Review

"STEREO” einer von David Cronenbergs frühen, äußerst Experimentellen Kurzfilmen. “Stereo” wurde komplett in Schwarzweiß auf 35mm gefilmt. Der Film hat keinerlei Synchronisation oder Musikunterstreichung, was das Betrachten etwas anstrengend gestaltet.
Einziger Richtungsweiser in “Stereo” ist eine Erzählstimme, die stets aus dem “Off” ertönt und das Geschehen im Film dokumentiert, garniert mit einer Unzahl von medizinischen Fachbegriffen, wird die Erzählstruktur dadurch nicht unbedingt erleichtert.
Auf der anderen Seite kann man das unterkühlt-düstere und stimmige Ambiente genießen, hervorgerufen durch ein Universitätsgebäude das die unverkennbare kalte, konstruktivistische Betonbauweise der sechziger Jahre repräsentiert und die technisch/emotionslose Darbietung des Films wesentlich prägt.

Stereo spielt in der Zukunft, wann genau erfährt man nicht. Schauplatz der Handlung ist die “Canadian Academy for Erotic Inquiry”, hier trifft ein junger Mann ein (Ronald Mlodzik - eingeflogen per Helikopter, mit Spazierstock und in ein langes Cape gekleidet, erinnert er an einen Adligen des 19. Jahrhunderts).
Der junge Mann (Ronald Mlodzik) wird - im Institut angekommen, von einem der Teilnehmer in sein zukünftiges Zimmer geführt und in den Tagesablauf eingeführt. Die Einheitskleidung die den Teilnehmern gegeben wird, besteht aus einer mittelalterlich inspirierten Tunika (was im starken Kontrast zu dem modernen, futuristischen Ambiente der Gebäude steht). Insgesamt sieben freiwillige Personen unterziehen sich dort - in isolierter Abgeschiedenheit, einer neuartigen Therapie von Dr. Luther Springfellow. Ziel der Therapie ist es das Sprachzentrum im menschlichen Gehirn zu eliminieren und Telepathie zu fördern.
In den ersten Tagen wird noch miteinander kommuniziert, Erkundungsbesichtigungen im Institut unternommen und gemeinsam in den Zimmern Tee getrunken. Bald darauf werden erste sexuelle Annäherungen unternommen.
Nach den ersten gemeinsamen Sitzungen, werden die Teilnehmer für die nächste Stufe der Therapie voneinander getrennt.
Die einzelnen Teilnehmer der Therapie verhalten sich immer merkwürdiger, anscheinend führt die Therapie - sowie die Isolation und Abgeschiedenheit, zu starken Spannungen und einem verkümmerten Sozialverhalten.
Die Isolation der einzelnen Personen, sowie das starke unterdrücken von menschlichen verhalten und dem Verlust von Kommunikation, führt immer häufiger zu Eskalationen. Gewalt, Aggressionen und Selbstmord bestimmen bald den Tagesablauf.

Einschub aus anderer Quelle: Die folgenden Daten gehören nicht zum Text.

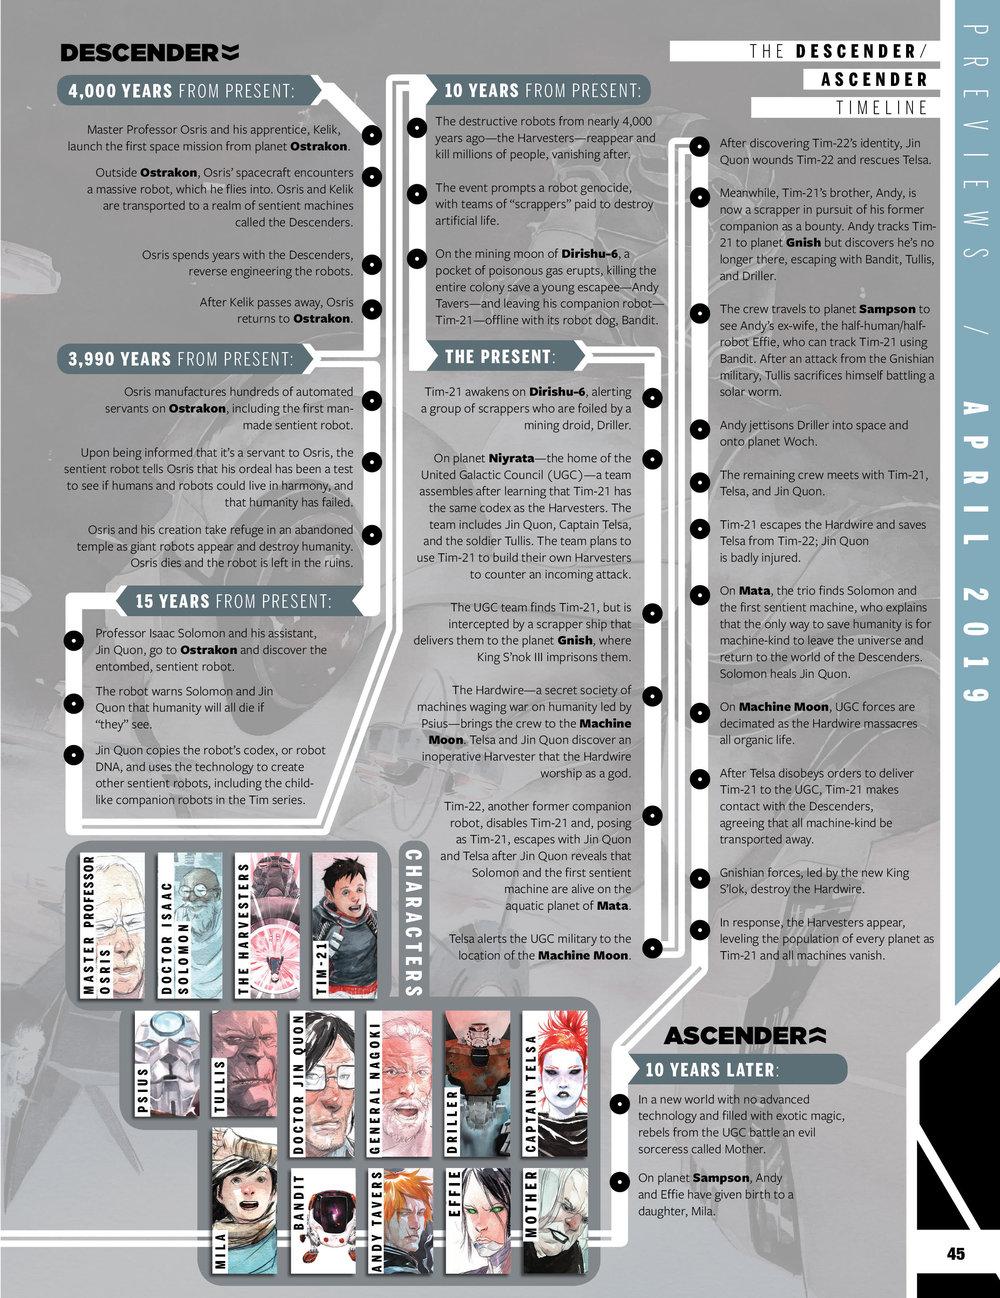 Descender  timeline infographic
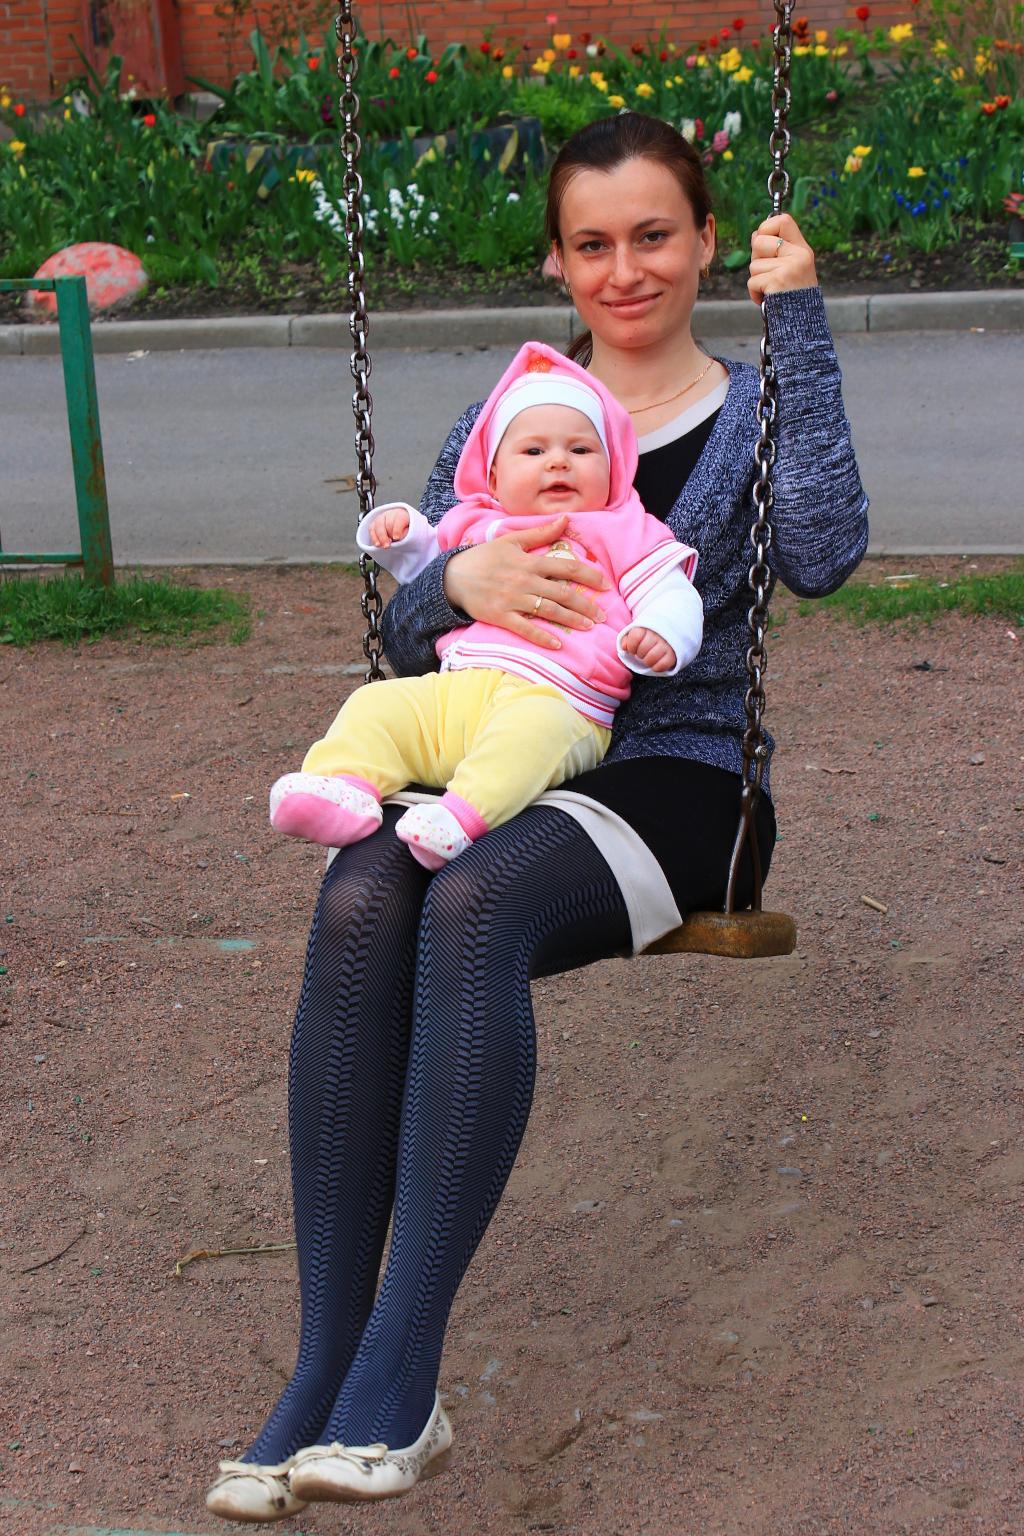 Мама с дочкой катаются на качелях. Играем вместе!

Bizarre, surreale Szenen und Vorgänge durchziehen den ganzen Film. In kalten bedrückenden Bildern wird “Stereo” präsentiert. Die Darsteller werden in linearer Geradlinigkeit in die kalte, monumentale Architektur des Institutes eingebunden.
Die Kameraführung ist streng, sachlich und gerade deswegen sehr ästhetisch. “Stereo” bietet des öfteren meditative, tranceartige Sequenzen welche durch minutenlange Stille verstärkt werden.

Welche Aussage hinter “Stereo” steckt, oder was David Cronenberg dem Zuschauer mittzuteilen versucht, ist nur sehr schwer zu sagen und lässt sich wahrscheinlich stundenlang interpretieren und diskutieren.

Sind die späteren Filme Cronenbergs oftmals speziell - nicht immer für ein Massenpublikum zugänglich, mit einem eigenständigen, merkwürdigen Charme versehen, so beweist “Stereo” das es noch wesentlich subtiler und verstörender in David Cronenbergs filmischen Kuriositätenkabinett zugehen kann.

Wer etwas mit David Cronenberg anfangen kann und experimentellen, unterkühlt- surrealen Filmen aufgeschlossen gegenübersteht, ist mit “Stereo” nicht am schlechtesten beraten.